(WORK TO COMPLETE):
The reply should hold only the lines below beginning at the one with "2 coats Green" and ending at the one with "0.48CT NATURAL DIAMOND 14K YELLOW GOLD RING", copied exactly, with every picture left out.

(DATA PROVIDED):
· · · · · · ·

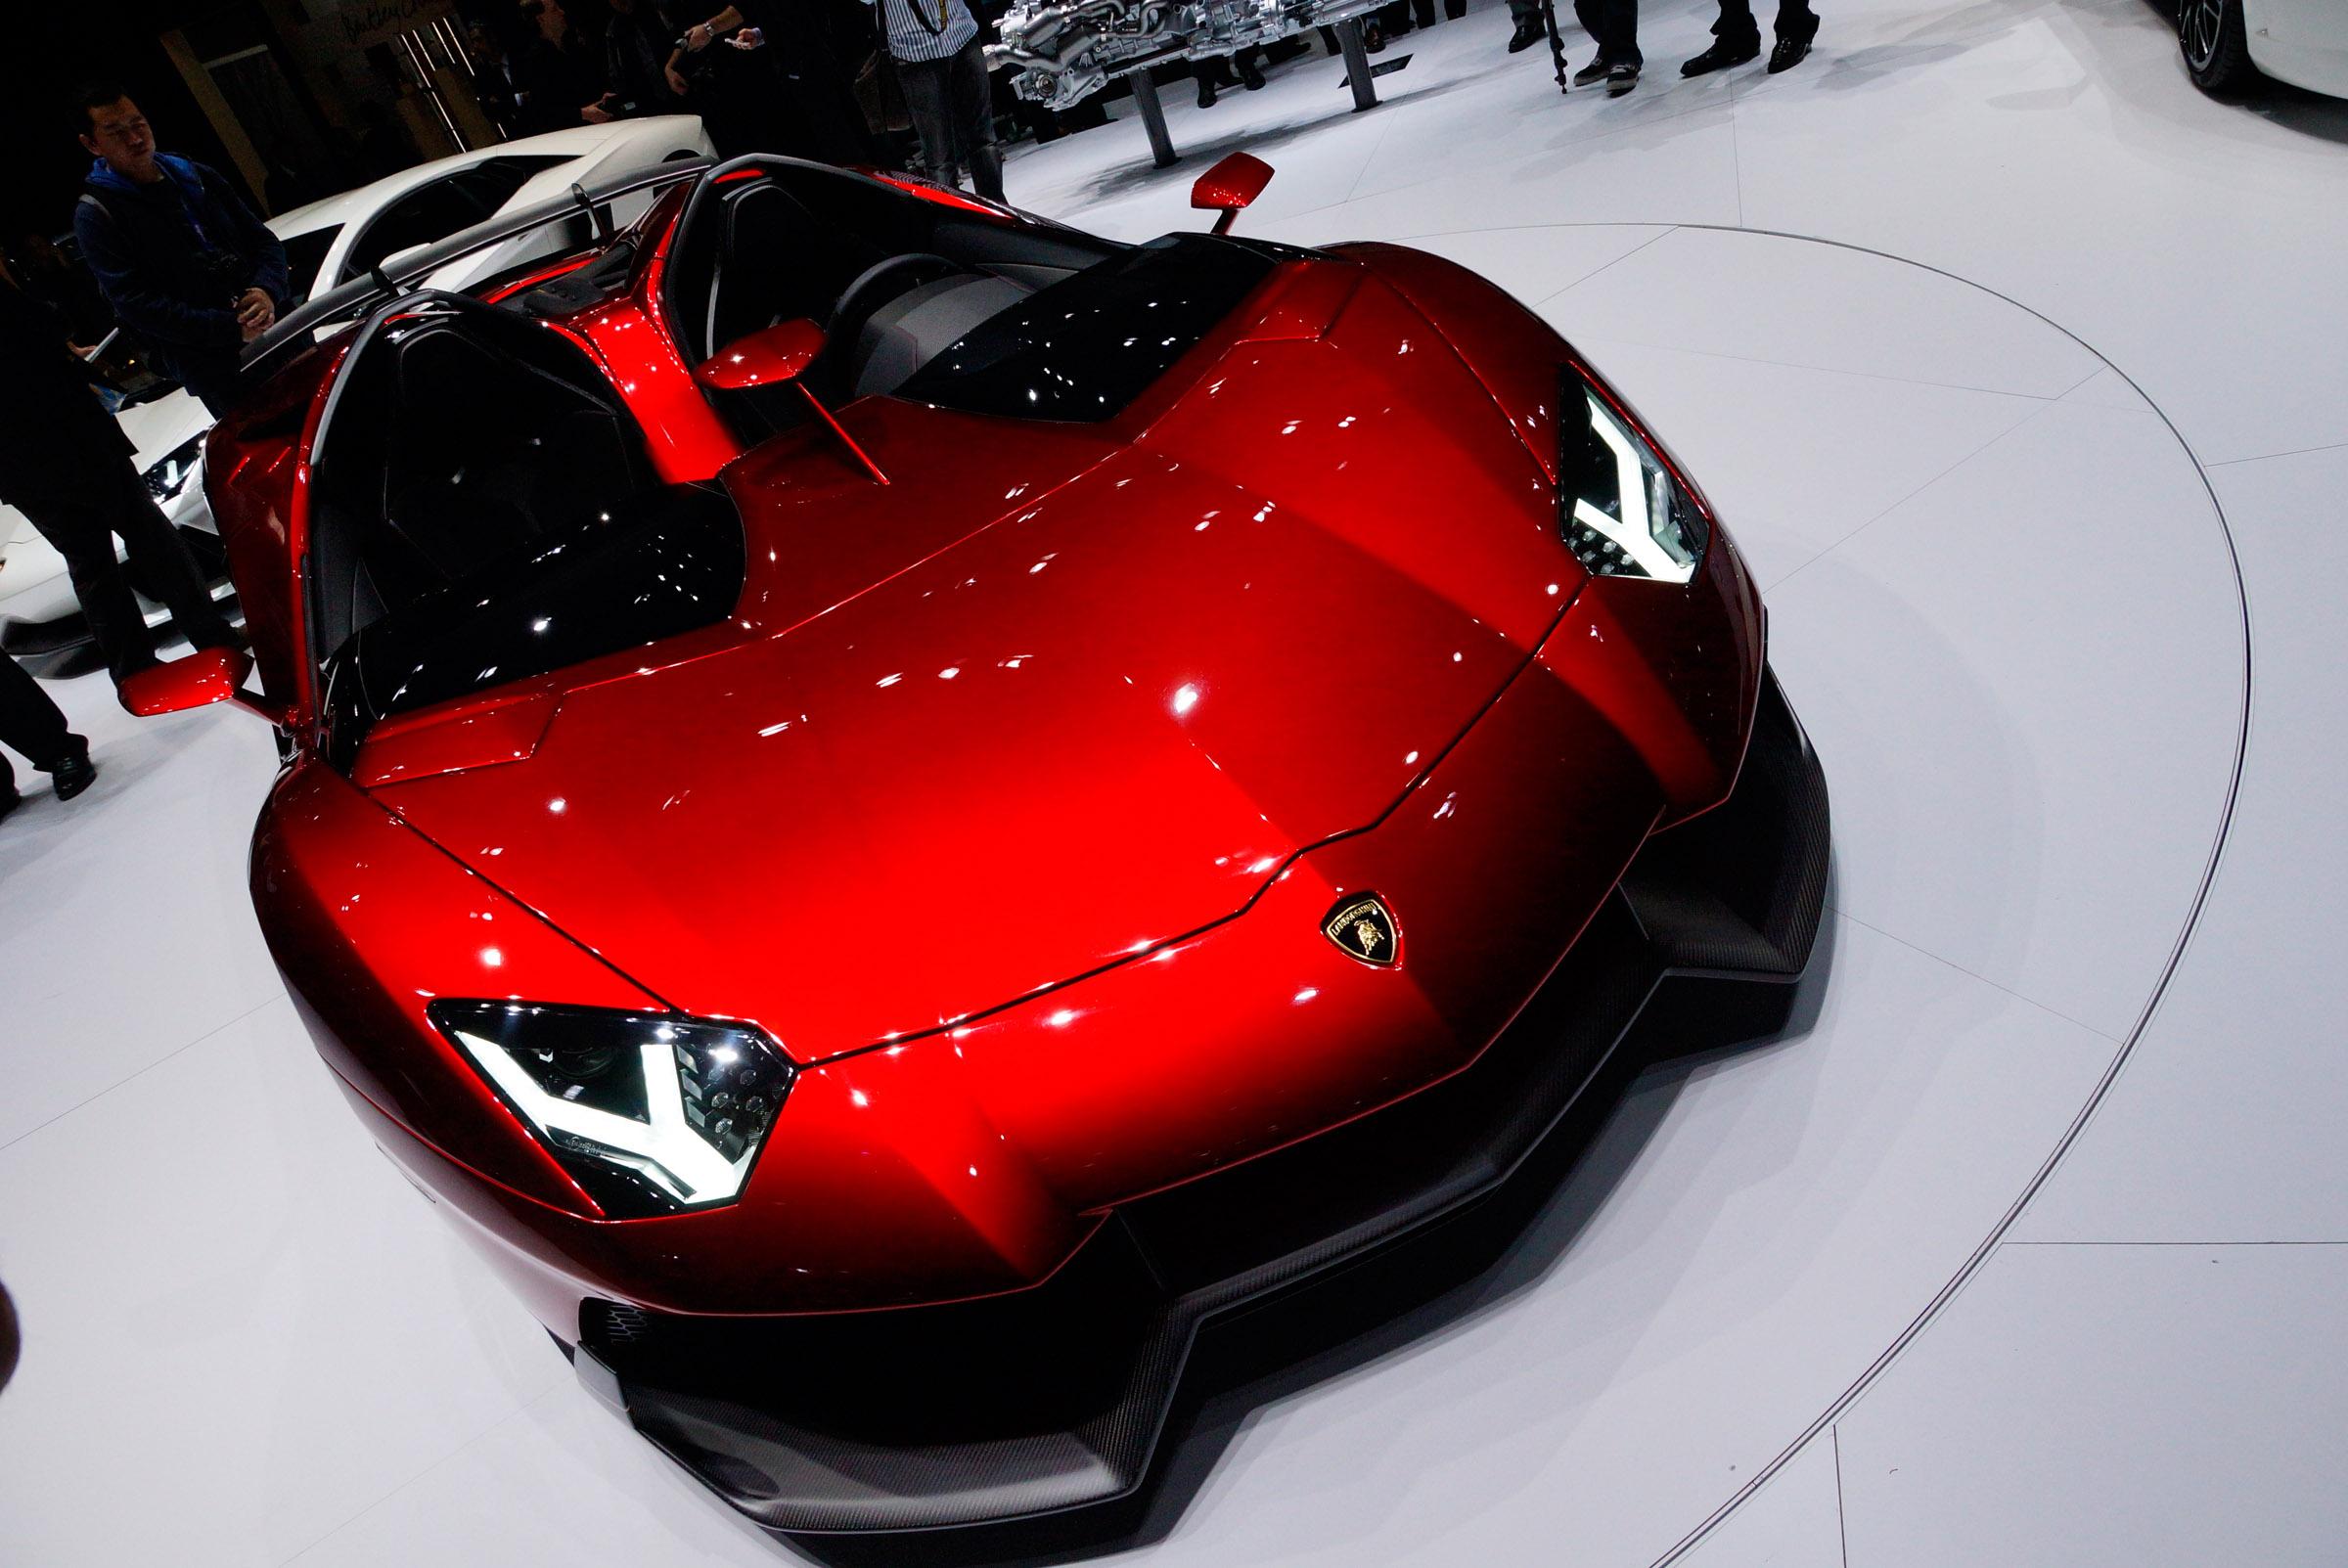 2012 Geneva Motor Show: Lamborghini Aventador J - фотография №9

· · · · · · ·

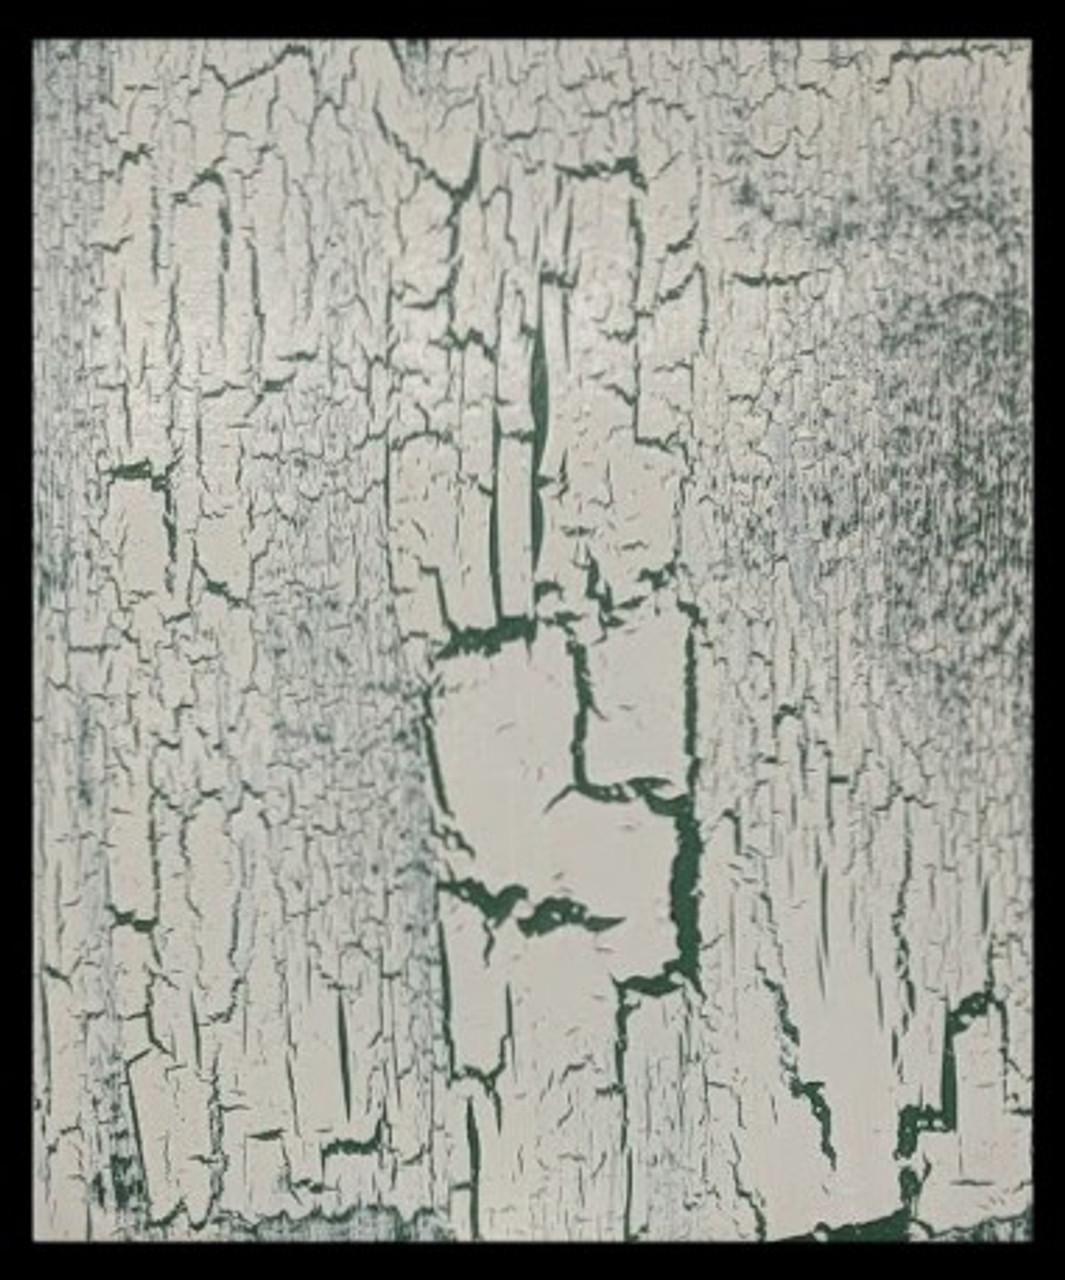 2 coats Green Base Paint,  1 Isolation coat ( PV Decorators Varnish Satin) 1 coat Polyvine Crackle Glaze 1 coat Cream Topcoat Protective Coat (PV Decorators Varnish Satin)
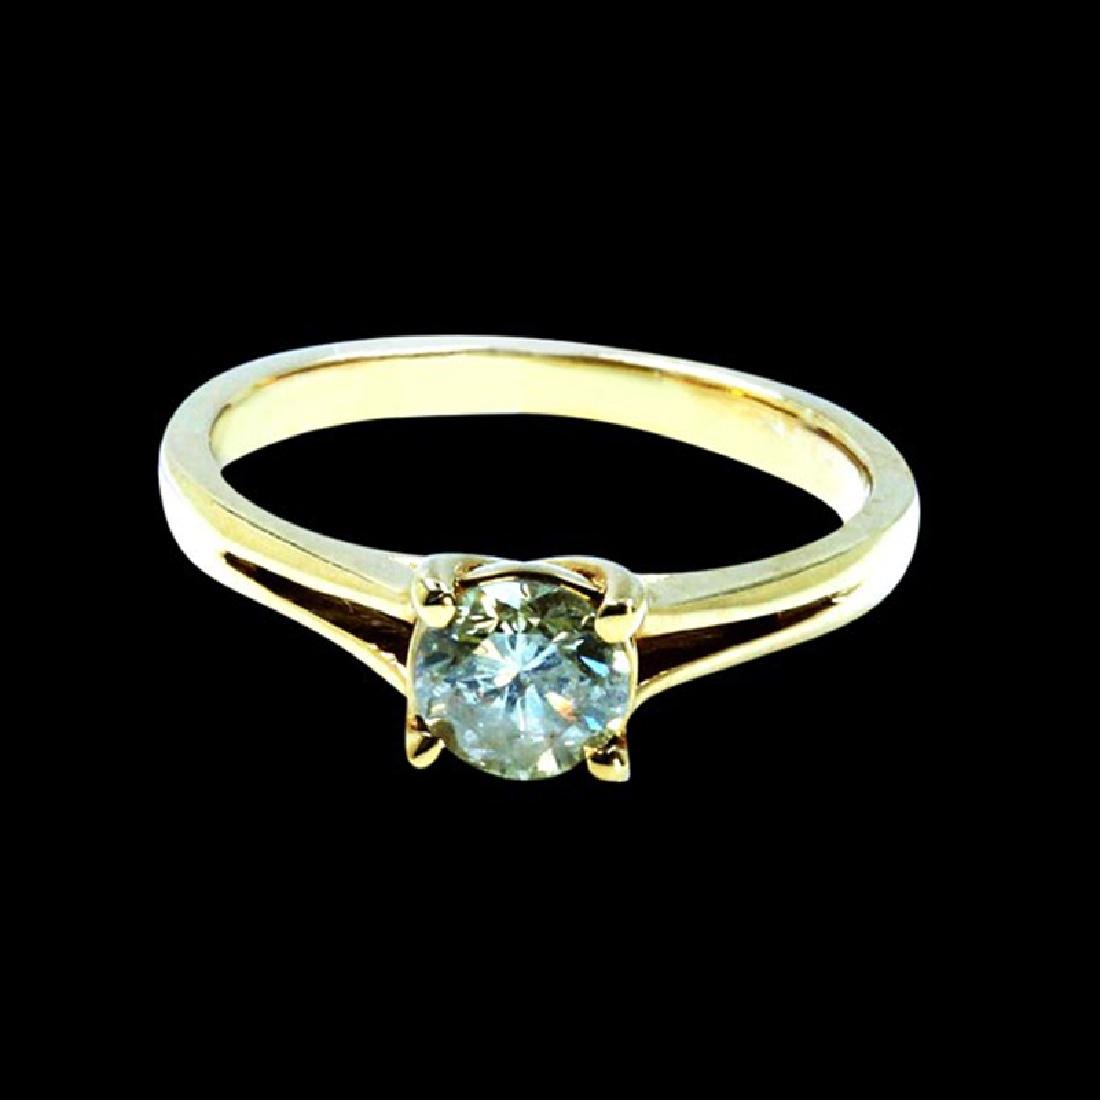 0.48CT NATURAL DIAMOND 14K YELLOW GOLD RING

· · · · · · ·

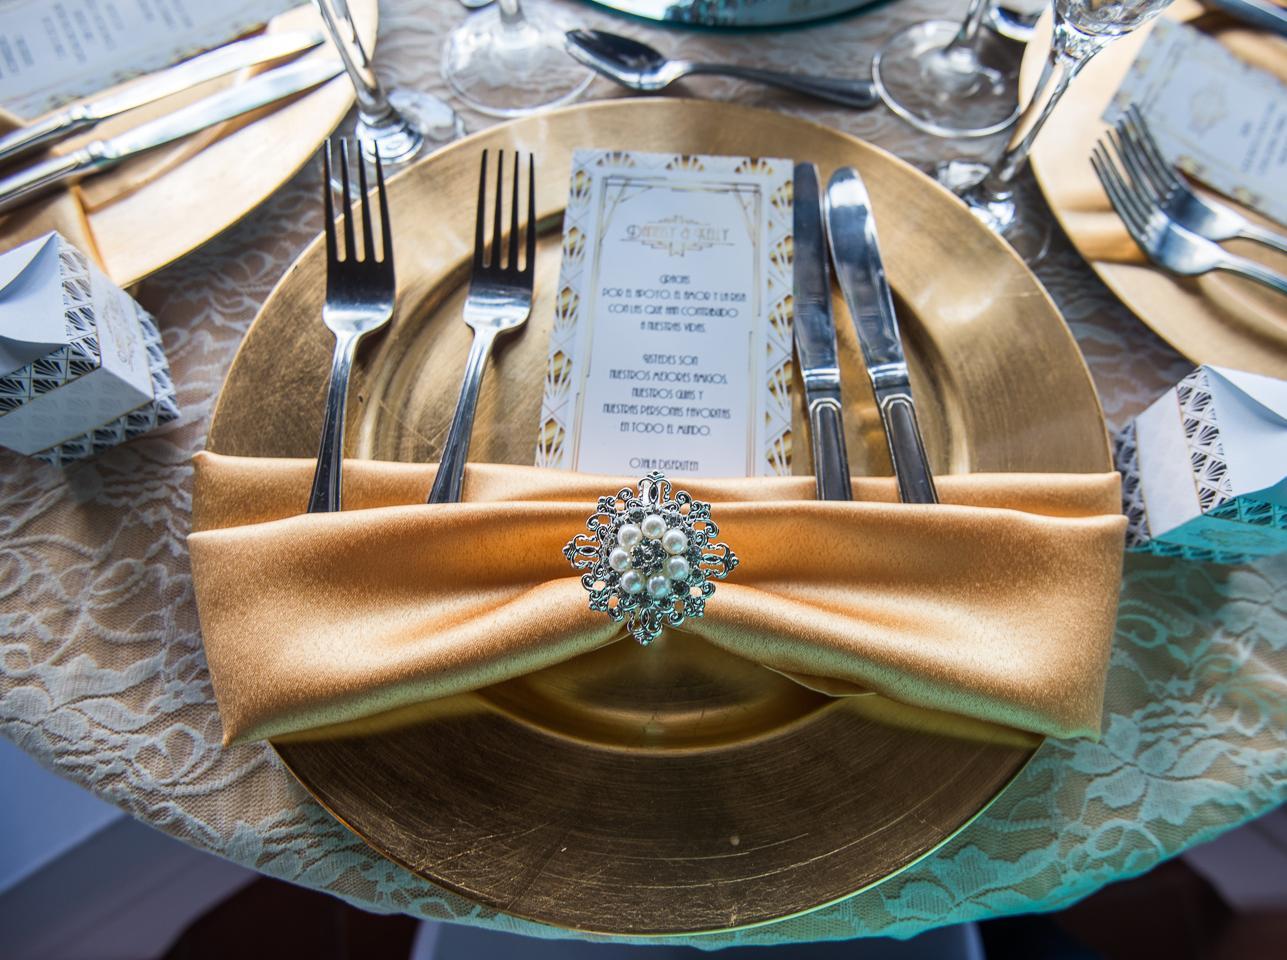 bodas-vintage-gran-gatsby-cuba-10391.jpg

· · · · · · ·

(ANSWER SPACE):
 2 coats Green Base Paint,  1 Isolation coat ( PV Decorators Varnish Satin) 1 coat Polyvine Crackle Glaze 1 coat Cream Topcoat Protective Coat (PV Decorators Varnish Satin)
 0.48CT NATURAL DIAMOND 14K YELLOW GOLD RING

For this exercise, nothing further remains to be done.